ST latest Optee release is still the 3.16.0-stm32mp, so my question if they are ways to tweak optee and remove bottlenecks to obtain better PKCS11 performance ?

    This topic has been closed for replies.

    4 replies

    AZaki.2Author
    Explorer
    March 27, 2023

    I asked on the mainline Optee-OS github same question:

    https://github.com/OP-TEE/optee_os/issues/5918

    There is a related issue:

    https://github.com/OP-TEE/optee_os/issues/5915

    But this problem looks like related to STM32MP1 and ST Official BSP

    Technical Moderator
    April 3, 2023

    Hello @AZaki.2​ ,

    This PKCS11 use case performance issue is a known limitation specific to the STM32MP15.

    The performances are impacted by the OP-TEE pager, which is function of the tasks that OP-TEE has to do in parallel. As an example, this is not the case on STM32MP13 that does not work with the OP-TEE pager.

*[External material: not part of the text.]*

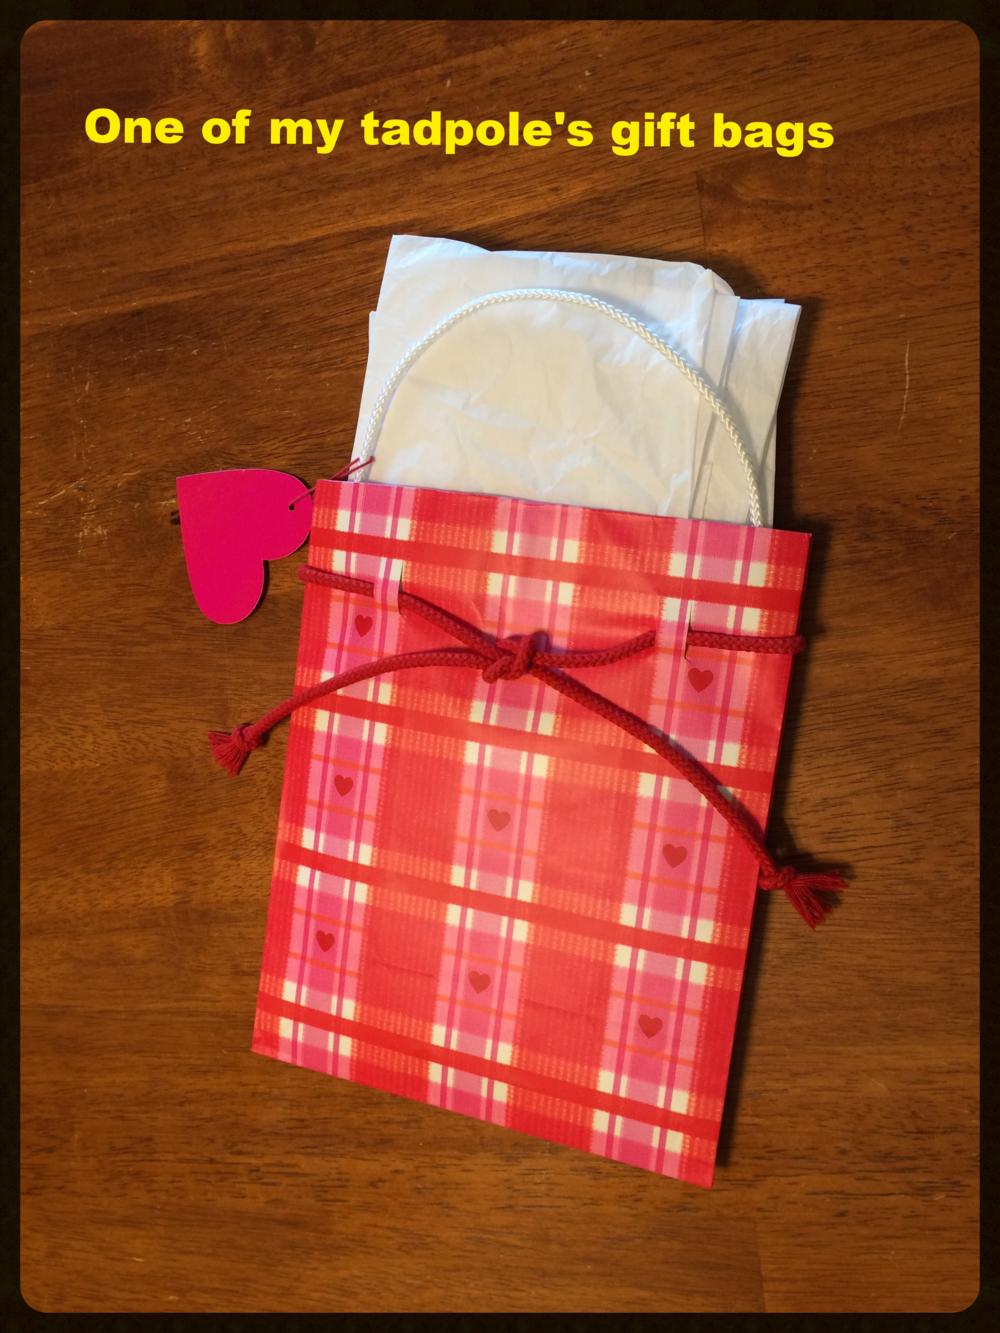 gift bag 2 9-21-15.JPG

    To enter more in details, we will not have a complete workaround to upgrade performances a lot. However, reducing the workload of OP-TEE can limit the degradation. Removing the debug from OP-TEE will already increase the performances.

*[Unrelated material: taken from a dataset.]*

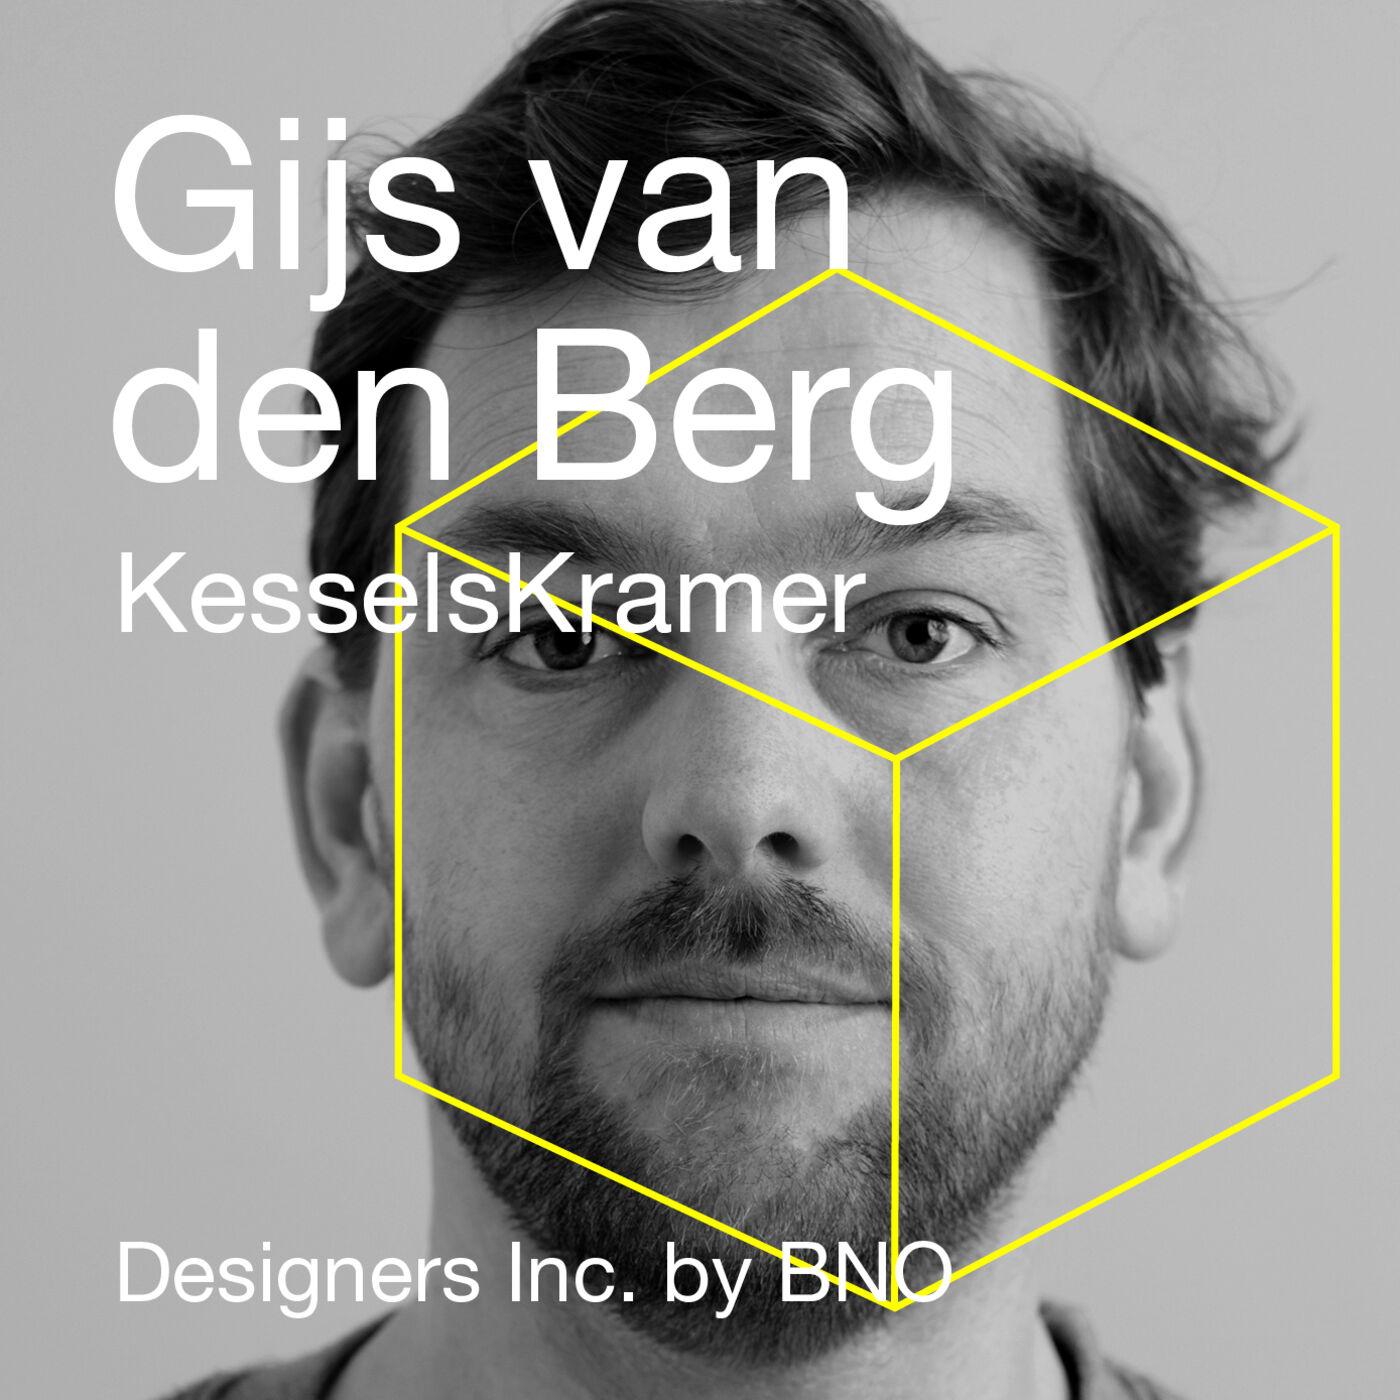 Gijs van den Berg - KesselsKramer

    If you do not use the M4 coprocessor, you can as well use the M4 dedicated memory to allocate it to OP-TEE, and then have better result concerning key generation.

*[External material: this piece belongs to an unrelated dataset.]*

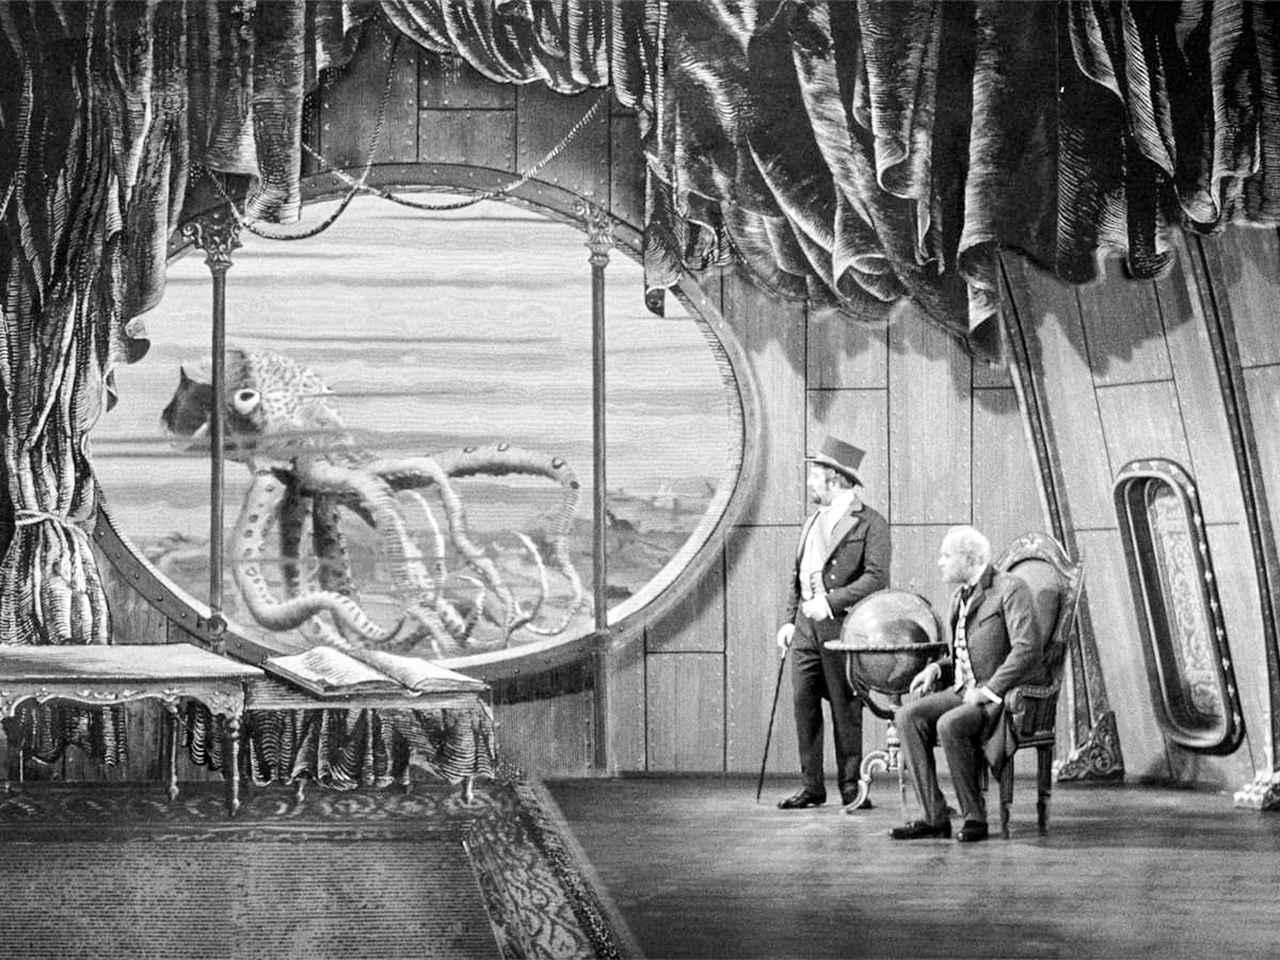 画像3: カレル・ゼマン監督作『前世紀探険』『悪魔の発明』『ほら男爵の冒険』【クライテリオンNEWリリース】

    I hope that these information will help you to go forward.

    Kind regards,

    Erwan.

    AZaki.2Author
    Explorer
    April 3, 2023

    hello @Erwan SZYMANSKI​,

    luckily the M4 is not required for my application, how can I allocate the M4 memory to Optee ? is this change required only in u-boot or it's also necessary to change other BSP components ?

    Thank you for your support.

    Best reagrds

    Technical Moderator
    April 5, 2023

    Hello @AZaki.2​ ,

    You can find some information concerning memory mapping on the wiki, like on this article for example: https://wiki.st.com/stm32mpu/wiki/STM32MP15_RAM_mapping

    Just as information, I reproduced a test on STM32MP135F-DK board to have a comparison. Find below the results:

    root@stm32mp13-disco:~# 12341234 --keypairgen --label testkey --key-type EC:prime256v1

    -sh: 12341234: not found

    root@stm32mp13-disco:~# time pkcs11-tool --module /usr/lib/libckteec.so.0 --label testtoken --login --pin 12341234 --keypairgen --label testkey --key-type rsa:2048

    Using slot 0 with a present token (0x0)

    Key pair generated:

    Private Key Object; RSA 

     label:   testkey

     Usage:   decrypt, sign

     Access:   sensitive, always sensitive, never extractable, local

    Public Key Object; RSA 2048 bits

     label:   testkey

     Usage:   encrypt, verify

     Access:   local

    real  0m 5.63s

    user  0m 0.00s

    sys   0m 4.57s

    root@stm32mp13-disco:~# time pkcs11-tool --module /usr/lib/libckteec.so.0 --label testtoken --login --pin 12341234 --keypairgen --label testkey --key-type ec:prime256v1

    Using slot 0 with a present token (0x0)

    Key pair generated:

    Private Key Object; EC

     label:   testkey

     Usage:   sign, derive

     Access:   sensitive, always sensitive, never extractable, local

    Public Key Object; EC EC_POINT 256 bits

     EC_POINT:  044104179f72afa2693f3fe356fa652cd60379fb235415b19d5ed82ac82a26a91ae5ed1b24be2ceee5acff702fe77d71bbcb37438a278ebcabb69ef30ef660ac877a41

     EC_PARAMS: 06082a8648ce3d030107

     label:   testkey

     Usage:   verify, derive

     Access:   local

    real  0m 0.97s

    user  0m 0.01s

    sys   0m 0.20s

    Kind regards,

    Erwan.

    Graduate
    May 9, 2023

    How much time you are taking to generate rsa 204 bit keys in U5 with inbuilt PKA?